# Greek Fatty w/Q View



## jcurrier (Apr 13, 2010)

I attended an informal cooking contest this weekend for Savory Rolled Foods. Lots of eggrolls, spring rolls, buritos, sushi. One of the catagories was for "outragous but tasty" I entered a smoked greek fatty. 

1 lb Ground pork
1 lb Ground turkey
Feta
Spinach
Sundried tomatoes
Greek Seasoning

Came home with 2nd and some homemade hot fudge and butterscotch sauce. My entry plate was finished pretty fast 

Here are some pics- thanks for looking!
http://i762.photobucket.com/albums/x...0/IMG_2015.jpg
http://i762.photobucket.com/albums/x...0/IMG_2016.jpg
http://i762.photobucket.com/albums/x...0/IMG_2017.jpg
http://i762.photobucket.com/albums/x...0/IMG_2019.jpg
http://i762.photobucket.com/albums/x...0/IMG_2020.jpg
http://i762.photobucket.com/albums/x...0/IMG_2021.jpg
http://i762.photobucket.com/albums/x...0/IMG_2023.jpg


----------



## jcurrier (Apr 13, 2010)

Hey wait a minute I thought those pics would come through as images..........

dam puters.....


----------



## harleyguy (Apr 13, 2010)

Congrats on 2nd place
	

	
	
		
		



		
			






. Looks really yummy.


----------



## cheezeerider (Apr 13, 2010)

Looks great. I would call it a "Fatty Margherita" after the pizza.


----------



## wildflower (Apr 13, 2010)

OUTSTANDING


----------



## jcurrier (Apr 13, 2010)

Thanks all- not sure if any of you noticed the mod to my webber kettle.  I took a plate of alum and cut to fit so I have a true indirect cooking method, it works great and really helps with getting my webber to act like a smoker


----------



## cheezeerider (Apr 13, 2010)

I did notice the mod. I have a fire pit that the looks like a weber kettle with a steel mesh riser between the base and the lid that is removable. I was thinking of doing some mods to that for smoking.


----------



## greechneb (Apr 13, 2010)

Here's the pictures inline - they look great!


----------



## jcurrier (Apr 13, 2010)

Thanks for the upload help


----------



## chefmike (Apr 13, 2010)

Nice mod, nice fattie. 

I will be trying both. I got a weber kettle (old school from my grandfather) last Thanksgiving. I cooked a turkey in it then, but it sat all winter. 

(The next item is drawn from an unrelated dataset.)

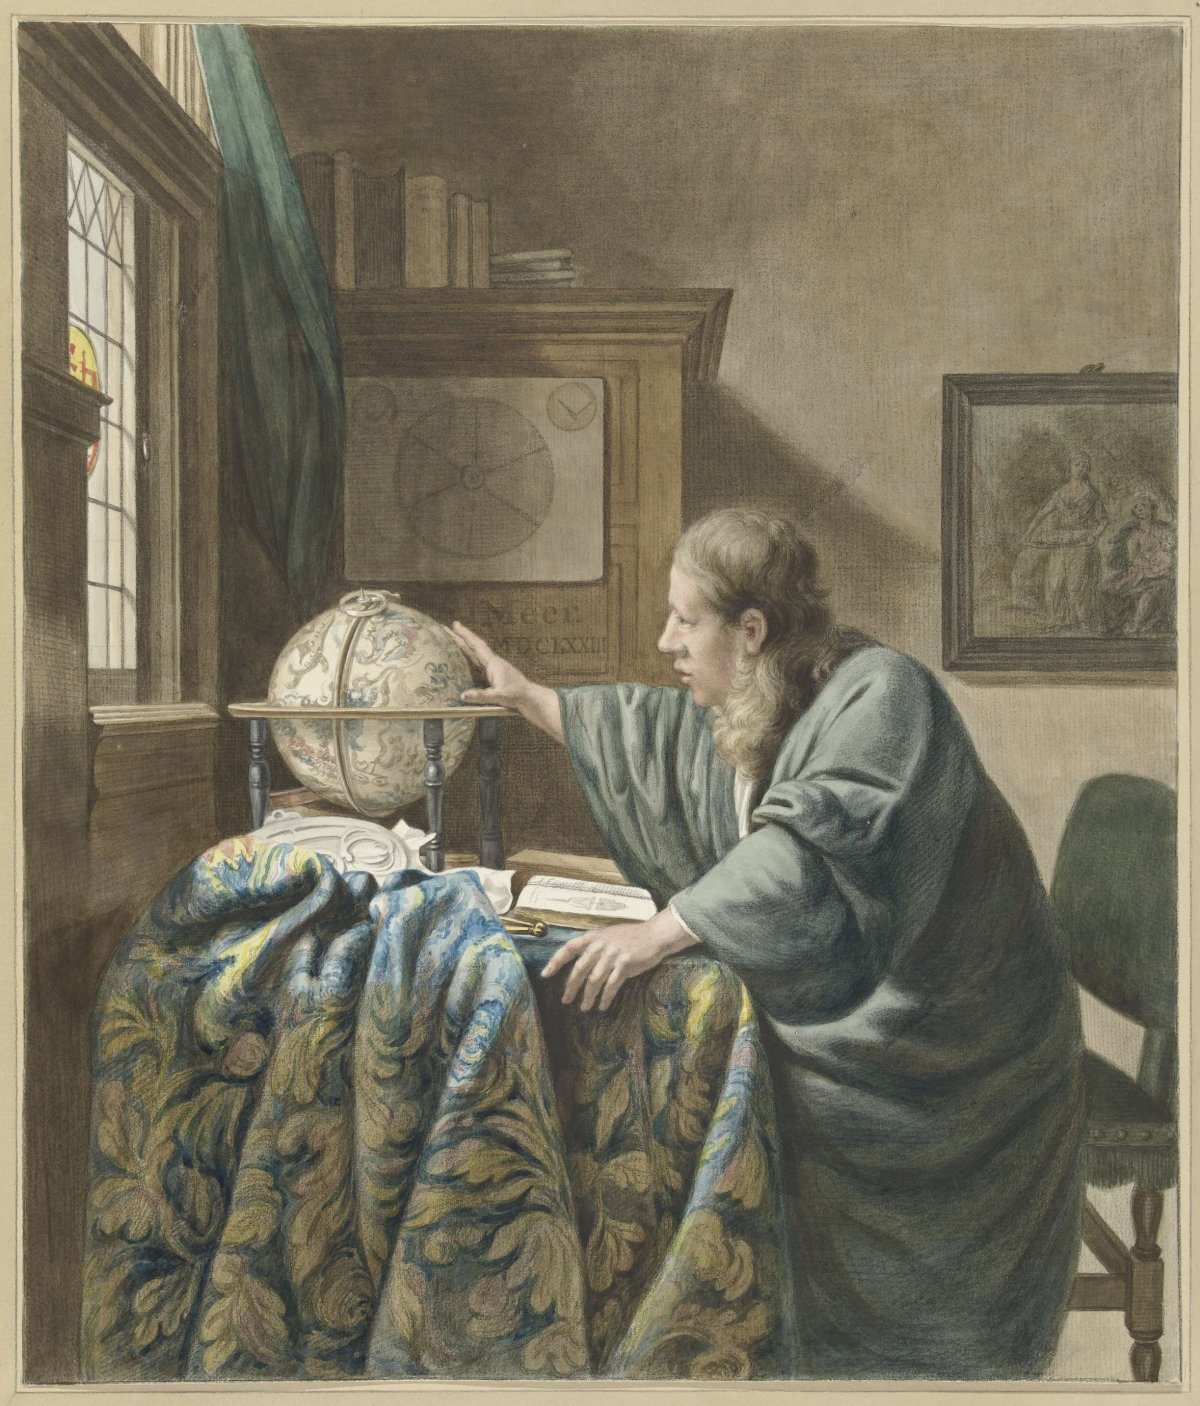 The astronomer, Abraham Delfos, 1794
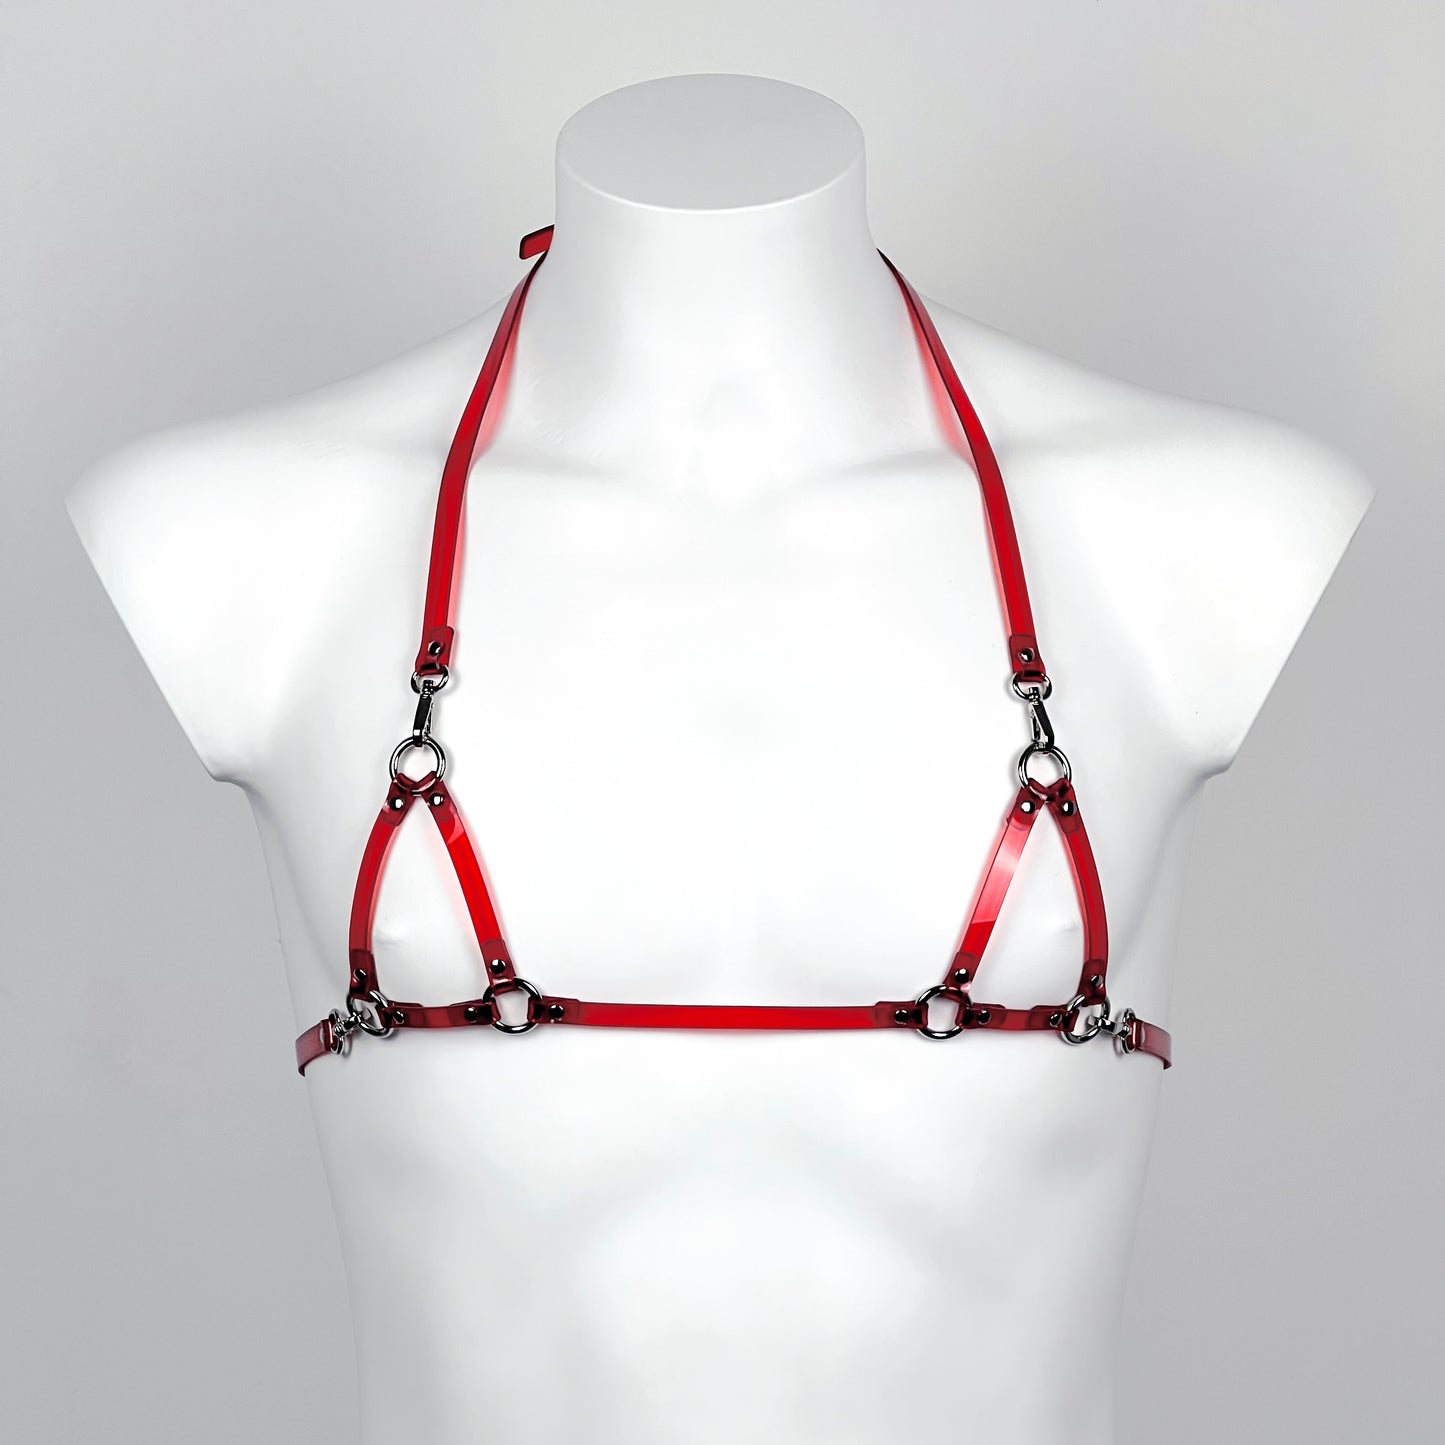 BRASM harness

I love the grill and the space in it... so I will try your mod as I play with it. probably do my fatty in your honor on it!


----------



## northern greenhorn (Apr 13, 2010)

Great job, and congrats on 2nd place, should have been first IMO, how much turkey, and pork did you use, was it an equal ratio ?


----------



## jcurrier (Apr 13, 2010)

One pound of each and I added an egg as a binder


----------



## northern greenhorn (Apr 13, 2010)

Lamb would probably work well w/ the pork


----------



## caveman (Apr 13, 2010)

Never thought of that.  

I was waiting for the money shot.  A glimpse inside the fattie of "The Greeks."  Oh well, next time.  Good work though.  Very nice.


----------



## mballi3011 (Apr 13, 2010)

Yes that is one fine looking fattie you have there and congrats on your second place and next time you'll for sure got to get the first place.


----------



## hernando (Apr 21, 2010)

I agree I think lamb would be a great mix and I think I would add some kalamata olvies in place of the sundried tomatoes (have a thing with tomatoes)


----------



## originalbillfolder (Apr 24, 2010)

Very nice!  Looks awesome.  Did you add some windex too?


----------



## badfrog (Apr 24, 2010)

Mmmm yeah... good call on the Kalamata olives...but I would ADD them to the mix leaving the sundried tomatoes!!! I like the Penzeys also... probably the best spices I have ever used all come from Penzeys...

congrats on 2nd... should have been a first though!!!


----------